One commentator requested clarification and examples regarding the determination of the classification of a foreign eligible entity whose classification was never relevant or whose classification has not been relevant for 60 months and therefore has lapsed under the 60-month rule. In either case (assuming in the latter case that no election is made following the lapse of the classification), the entity's classification initially will be determined under the default classification rules of § 301.7701-3(b)(2) when the classification of the entity becomes relevant. Under the general rules of § 301.7701-3(c), an eligible entity may elect at such time to be classified other than as provided under the default classification rules, and may elect at some later time to change its classification. Treasury and the IRS do not believe at this time that further guidance or examples are needed to illustrate these general rules.

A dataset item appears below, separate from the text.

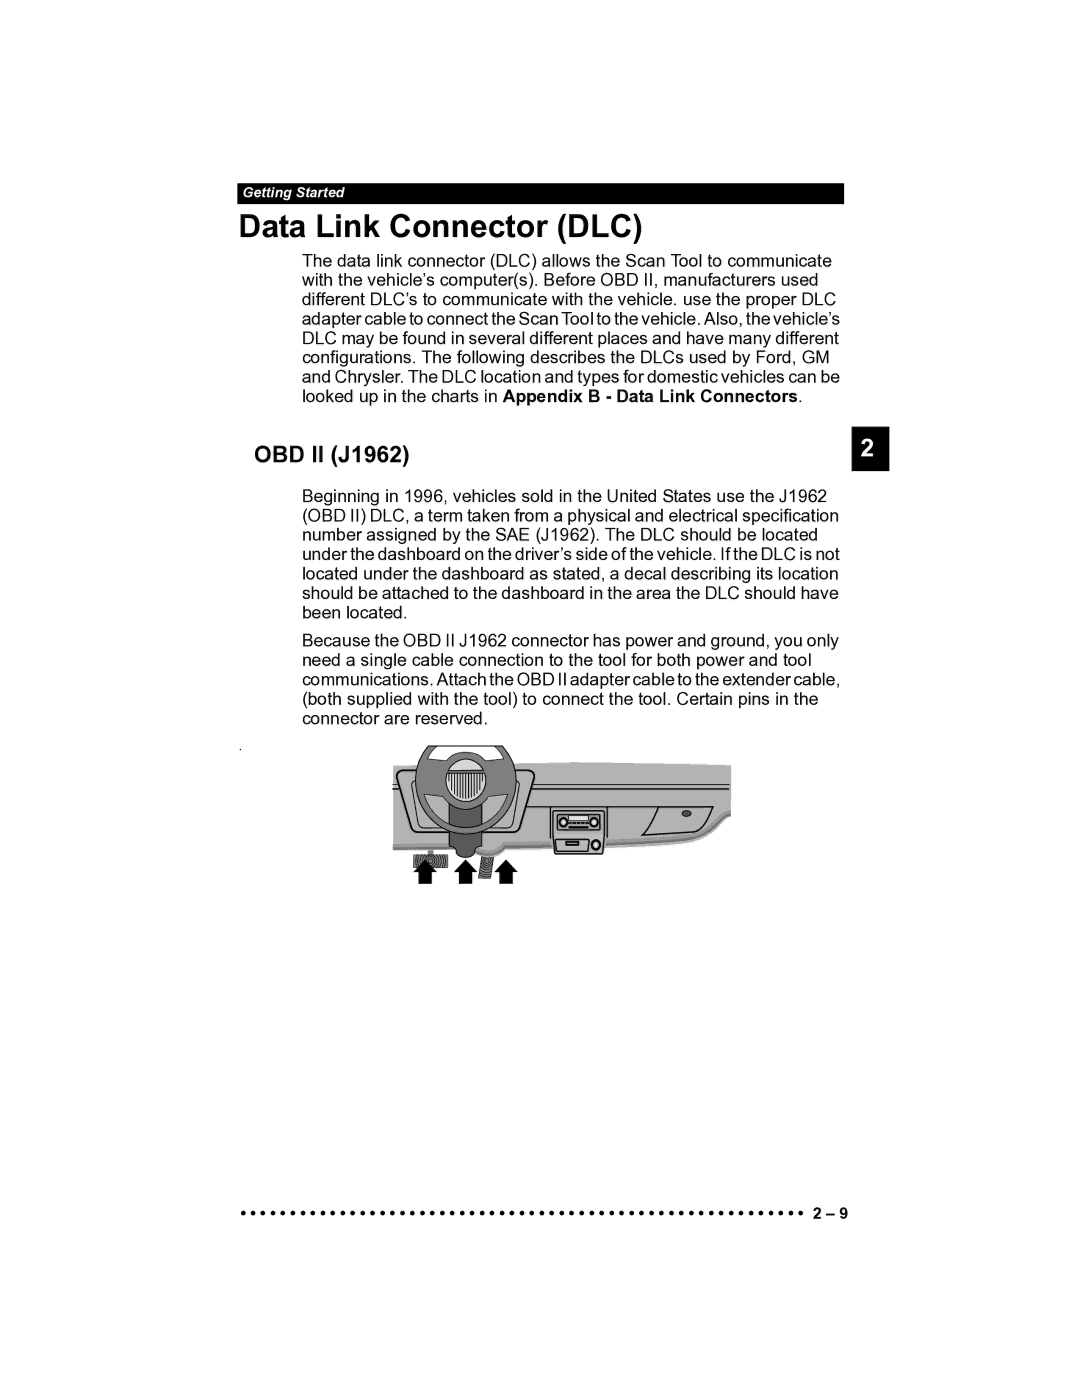 Actron CP9185 manual Data Link Connector DLC, OBD II J1962

The principal authors of these regulations are Aaron A. Farmer and Ronald M. Gootzeit, Office of Associate Chief Counsel (International). However, other personnel from Treasury and the IRS participated in their development.
§ 301.7701-3
(d) Special rules for foreign eligible entities—(1) Definition of relevance—(i) General rule. * * *
(3) Special rule when classification is no longer relevant. If the classification of a foreign eligible entity is not relevant (as defined in paragraph (d)(1) of this section) for 60 consecutive months, then the entity's classification will initially be determined pursuant to the provisions of paragraph (b)(2) of this section when the classification of the foreign eligible entity becomes relevant (as defined in paragraph (d)(1)(i) of this section). The date that the classification of a foreign entity is not relevant is the date an event occurs that causes the classification to no longer be relevant, or, if no event occurs in a taxable year Start Printed Page 60299that causes the classification to be relevant, then the date is the first day of that taxable year.